I felt humiliated and ashamed I never had intention to disclose my “going into treatment” it may be fine for the Hollywood crowd but my preference for the most part was to fly under the radar. Anxiety mounted – how could I face these people? Could I face these people? What would they think of me?

Then anger came up from within me that ignited within me an attitude of “bugger them – if and when I leave that place it will be when I decide and not a moment before”. Even though this was uncharacteristic of how I saw myself to be, I could see that it would serve me in this case. This was the awaking of my spirit – and I constructive use of my anger it wasn’t turned in on me – it wasn’t used to lash out at someone else it became that which pushed me through what seemed a unsurpassable roadblock in my path.

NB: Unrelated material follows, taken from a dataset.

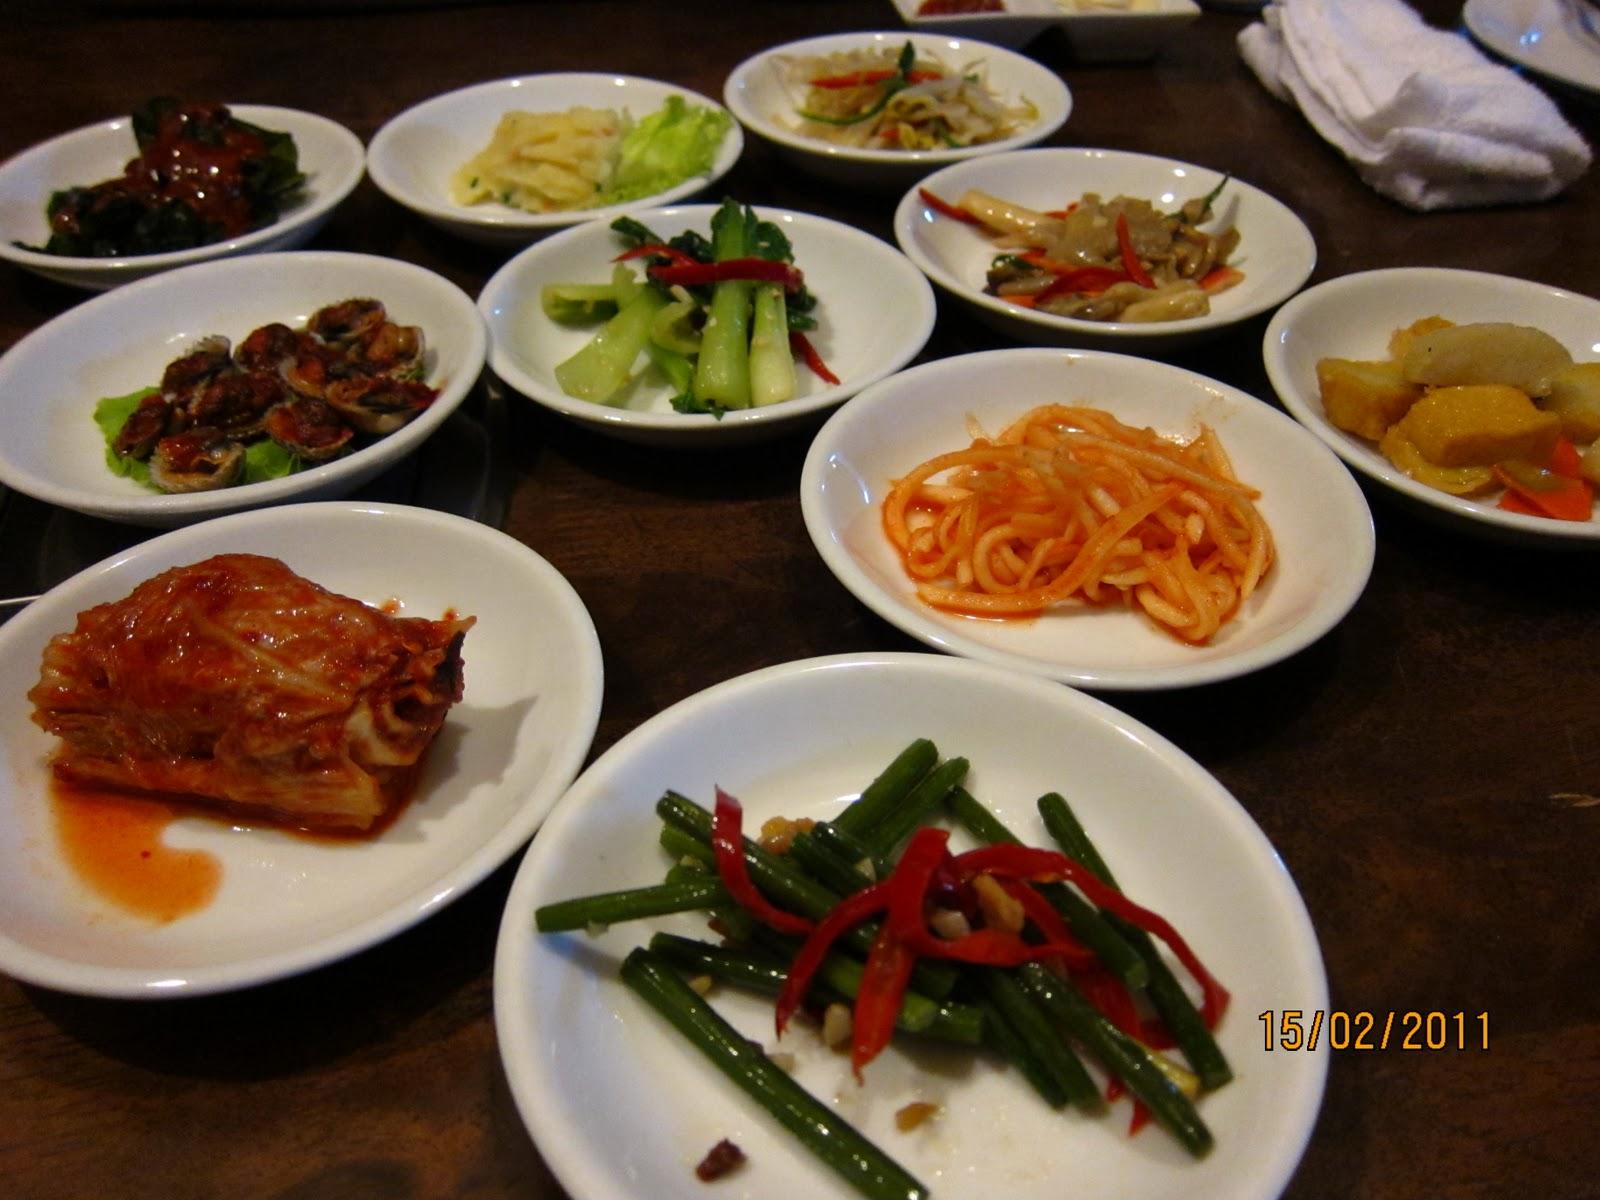 Korean Garden Bbq Restaurant Jb Foodie Drink Dine With Perspectives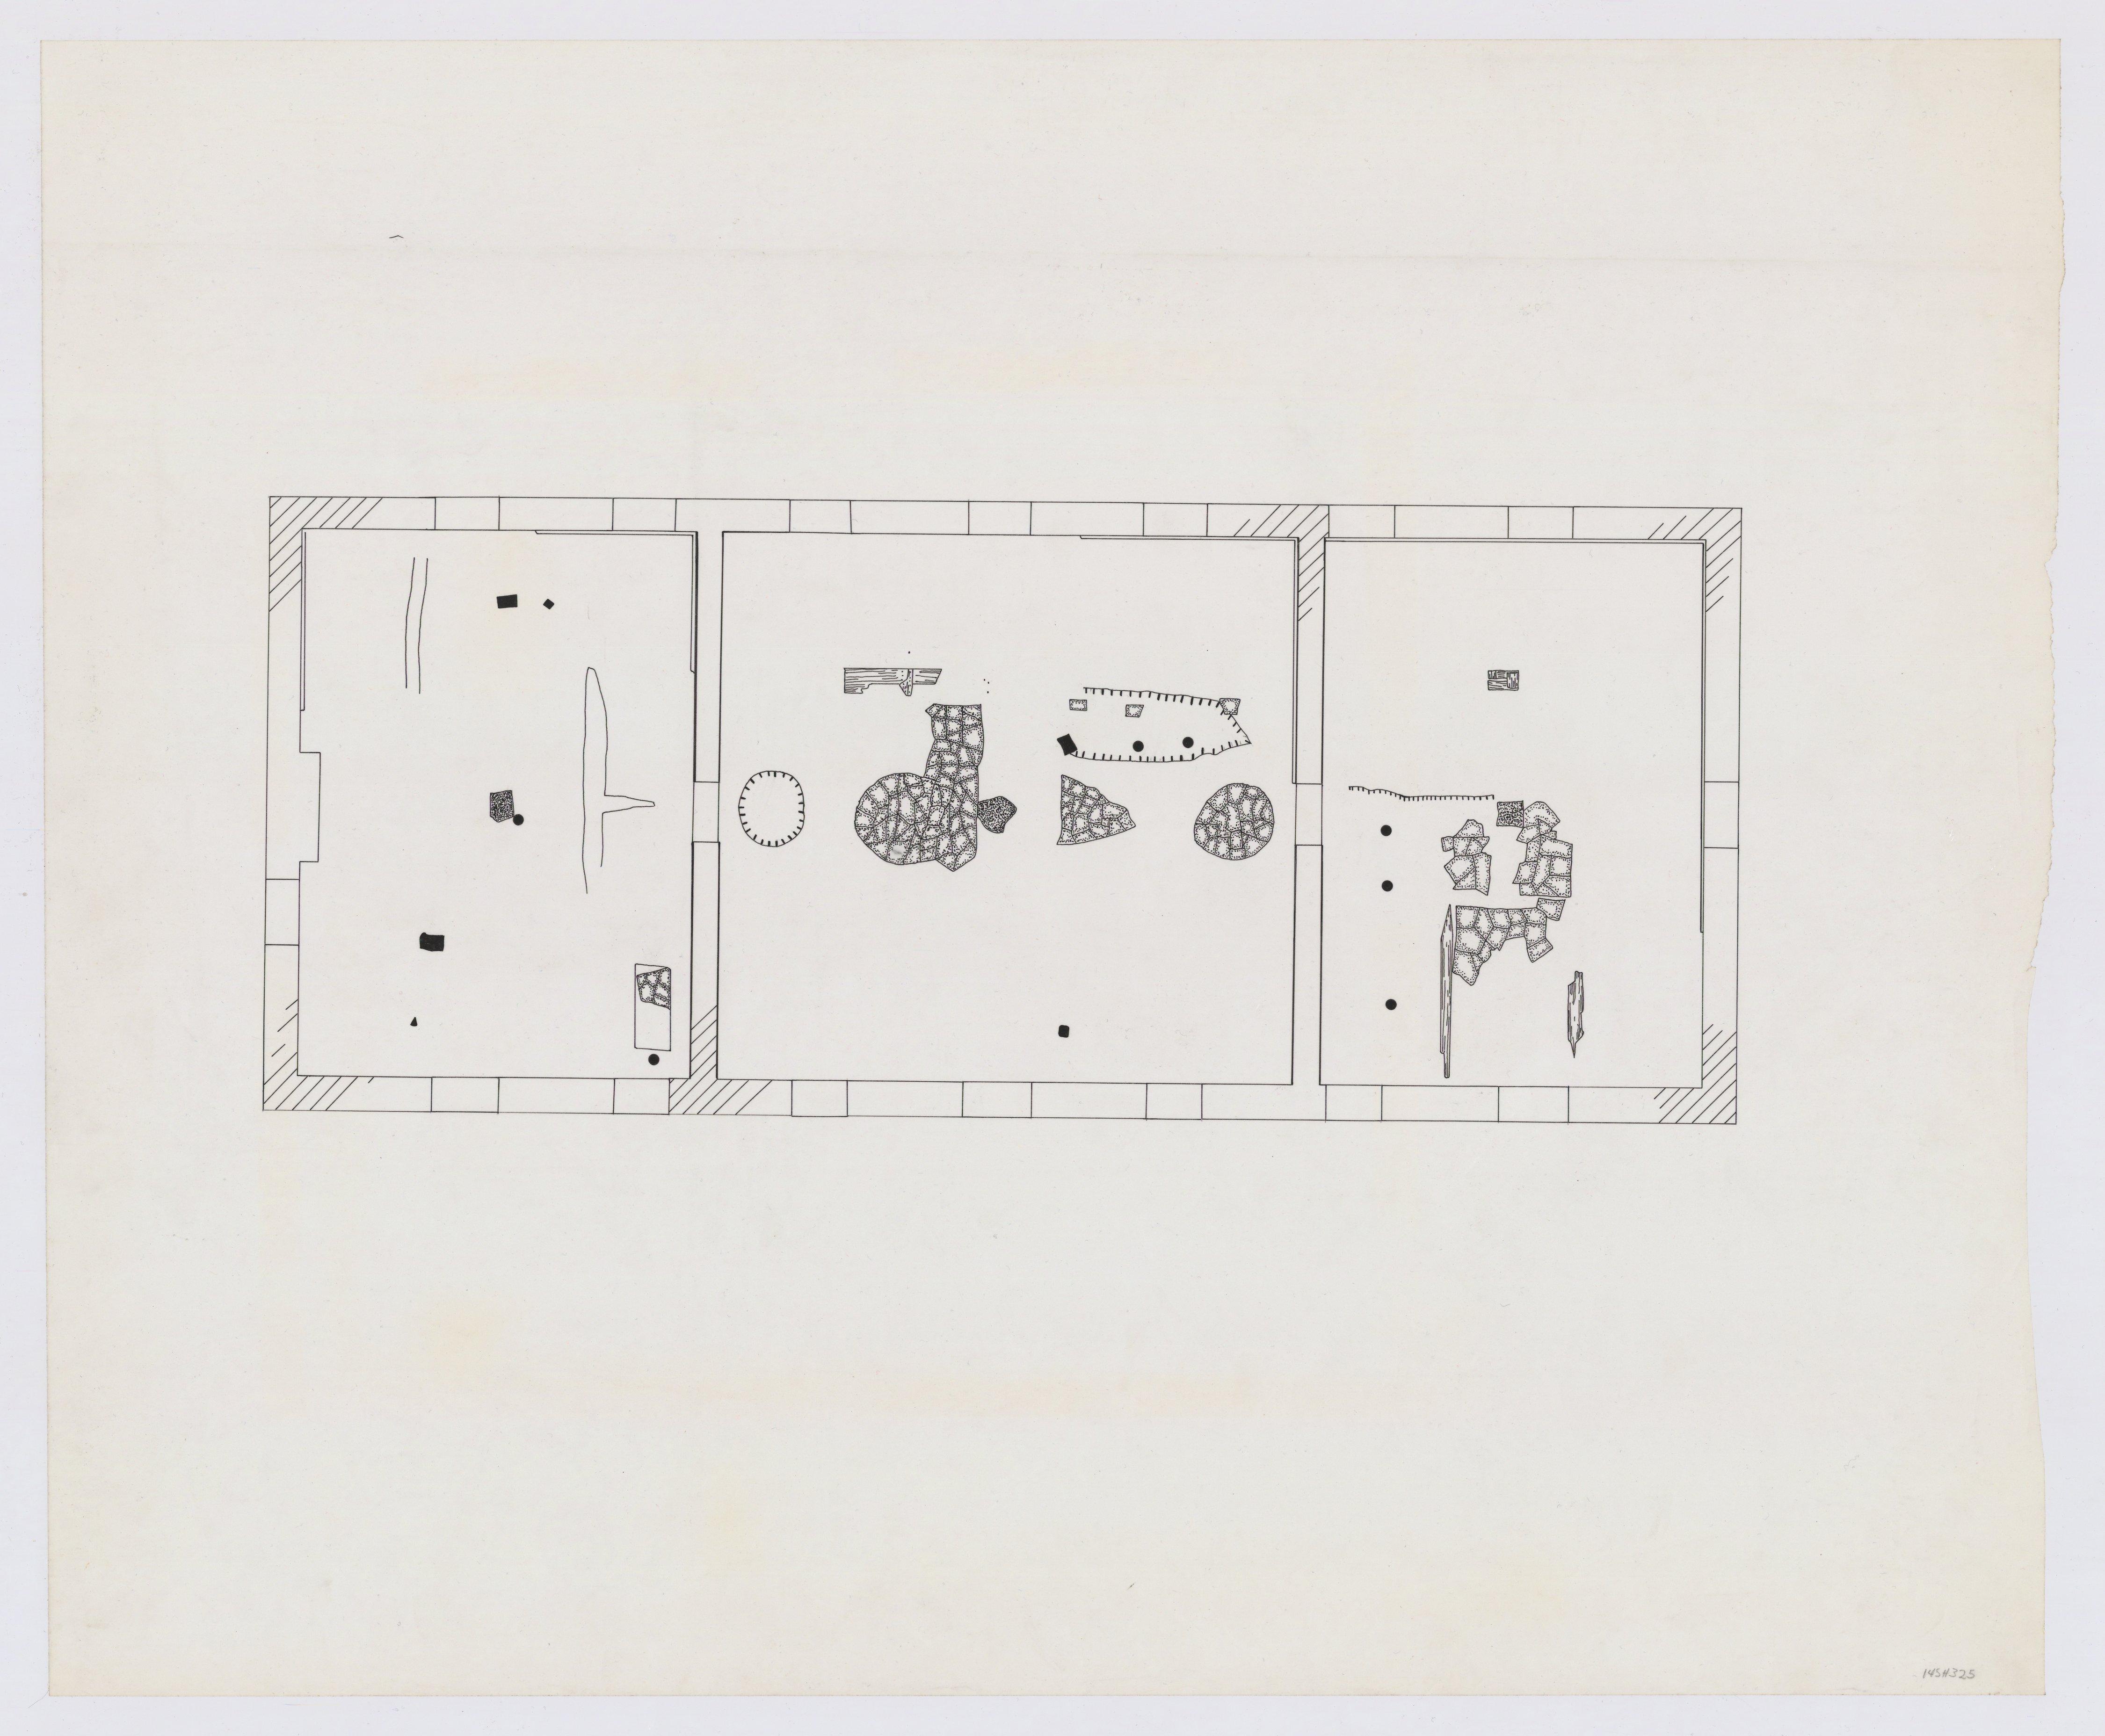 Oversized Maps of the Pottawatomi Mission, 14SH325 - 5

There have been many “jumping off” points both in my early sobriety and since where I have been chased to the precipice by my former ways of being – though turning back has never been chosen it is always considered – but would I be able to determine how far back? As I consider this the fear mounts – no I can’t take that chance I can’t possibly go back there – but what of moving forward – couldn’t I be given a hint of what is in store? Apparently not – that is why it is known as a leap of faith? Which at times for me would probably more accurately be a “leap of I don’t think I like the alternative.” In A.A. I was introduced to the idea of a “Power greater than myself”- admittedly I turned to this power only in times of desperation but it was a beginning.

So despite my fears I decided to return to my place of employment, I decided the lesser of the two evils was to come clean and tell them the truth. I received a great deal of support and well-wishes which I might add came from many that in my mind would have been the least likely to step up in this way. In hindsight I guess this might have been the beginning of the development of not taking myself too seriously.

I have been sober now for 22 ½ years and as they say “I wouldn’t trade my worst day sober for my best day drunk.”

This began a spiritual odyssey that continues to this very day, at which point, I am again at a place where I am in the process of reinventing myself, which continues to offer new insights, the discovery and development of various gifts and which as close as I can determine may well become known as my finest hour. The relationship with the God of my understanding continues to grow and evolve providing for me both a source of strength and inspiration.